Mission Statement
At Cravon Studios our aim is to give back to the world by creating great games people love. We want to bring friends and family back to the table to play our games and hopefully have great experiences that bring them closer together. We want to create tabletop game experiences that delight, enthrall, and entertain. We will give back by teaching the lessons we learn and helping others new to the tabletop game hobby either as a player, or as a creator discover a new world of gaming. When you play our games, you are choosing to give us your time that we know you could have spent doing other things. We will respect that time and be thankful for it.
Cravon Studios creates and publishes tabletop games. It is run by Rocky and Stefanie Heckman. We work with designers, artists, graphic designers, manufacturers and a myriad of others, especially those new to the industry, to bring our games to life.
Guiding Principles
- A game is a work of art, invest in world class art
- A game is an investment. Ensure the highest quality production
- A game should bring people together and create the best of times
- A game should be as emotionally and mentally engaging as possible
- Do no harm, commit no social injustice
- Make the best game possible for the audience. Not every game is for every person
- Don’t rush. Take the time required to make the best game that can be made. When the design is done is when we start he real work on a game through testing, revision, and improvement.
15 Tenets of Board Game Design for Cravon Studios
- Choices are empowering and have consequences, good or bad.
- Only have as many rules as required to provide the gameplay structure. Don’t let the rules get in the way of the game.
- Setup should be less than 5% of the game time.
- Never remove players until the end of the game.
- Players should always feel like they have a chance, until they don’t.
- Luck plays a part in everything, but planning and smart play should mitigate luck.
- Players should be engaged when it’s not their turn either planning, or participating.
- Games should be easy to read and accessible. Game state or game components that take more than a glance to understand are too complicated
- Avoid AP by having clearly understood components, state and choices.

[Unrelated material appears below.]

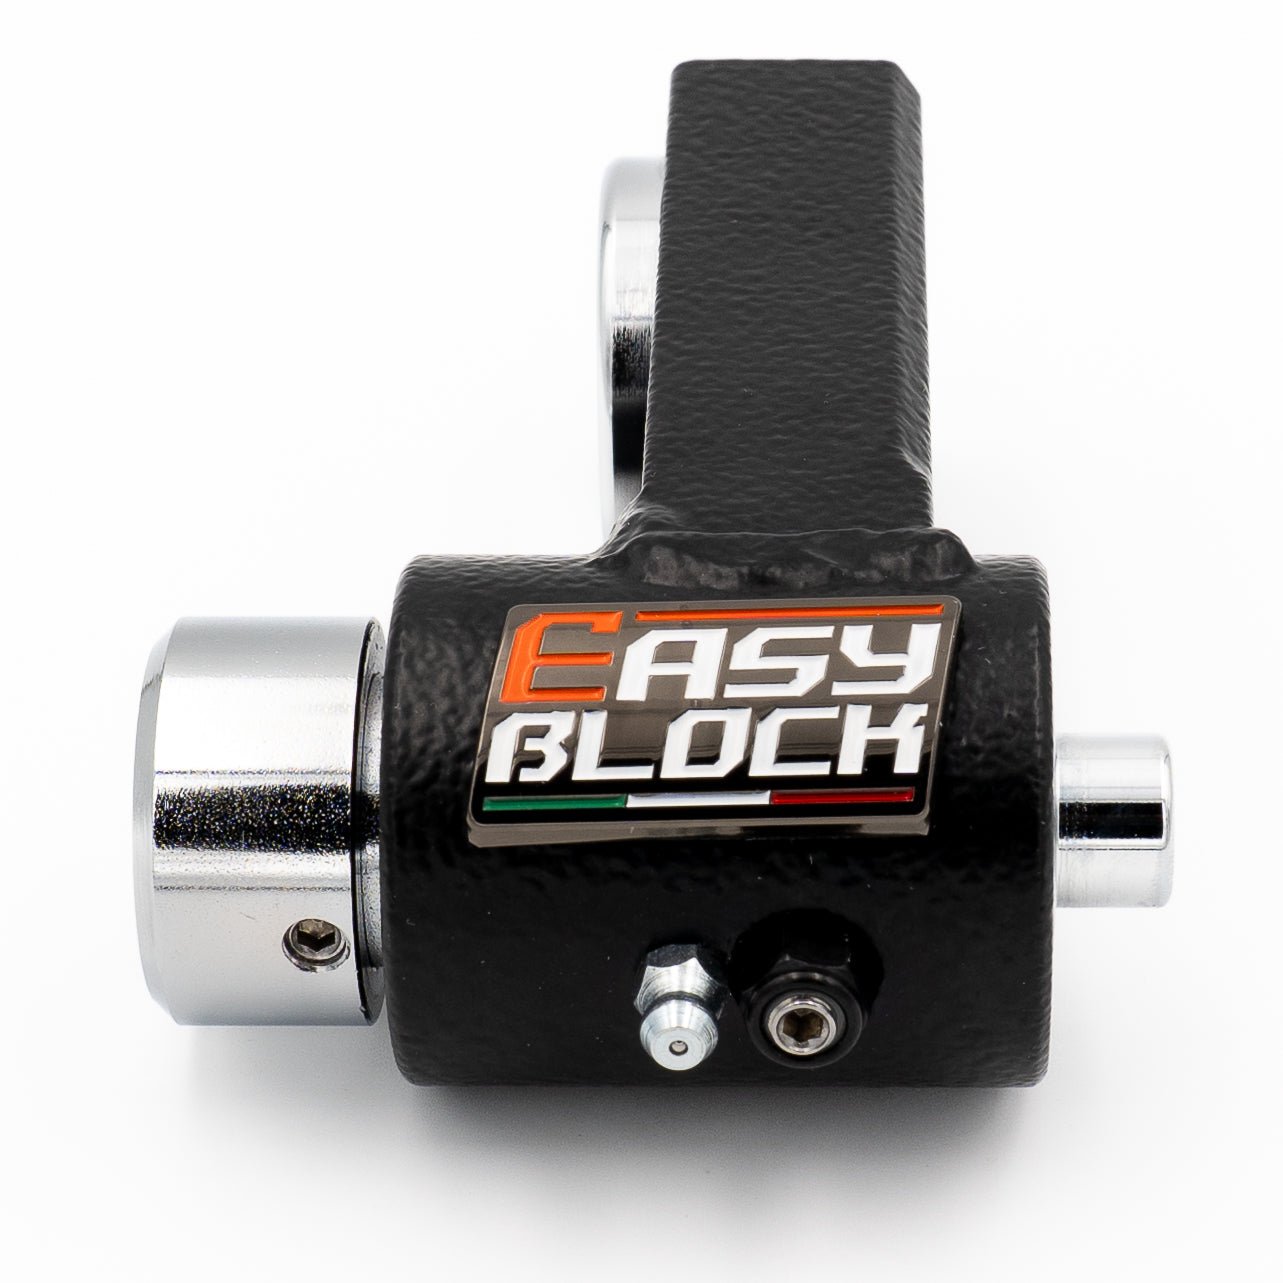 EasyBlock for Honda CB500x - Best Wheel Lock

- Games without tension are not interesting, but we want to bring people together, not drive them apart.
- Reward good play, don’t punish bad play.

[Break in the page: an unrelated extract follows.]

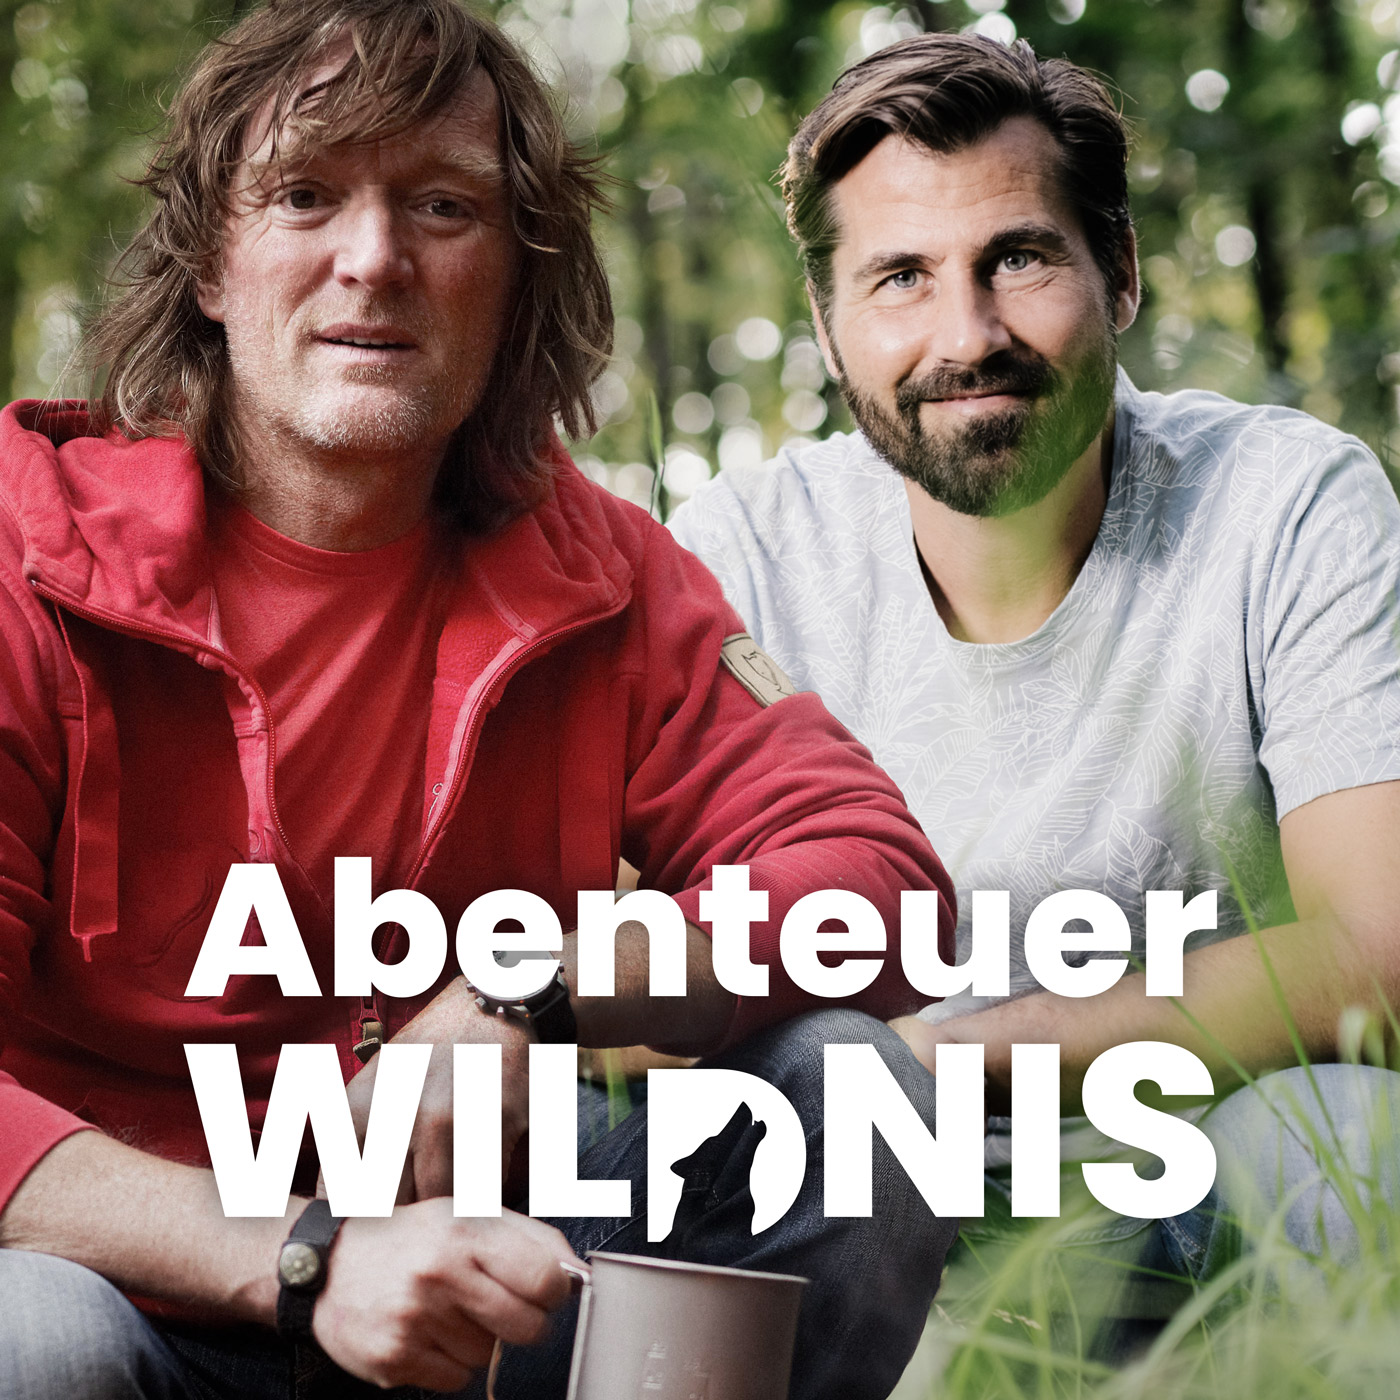 Abenteuer Wildnis. Der Tier- und Naturpodcast mit Andreas Kieling und Alexander Metzler

- Everything should ‘make sense’. No exceptions to rules, special conditions or complex cascading effects
- Theme is everything. Mechanisms should fade into the background like electricity. Always there, always supporting and driving the theme. Don’t make things to fiddly.
- Games should have great table presence. They should draw people from across the room and ask about them.
- Asymmetric goals are a huge plus. A game should be different every time you play it, and make you want to try every strategy you can think of. Foster that desire.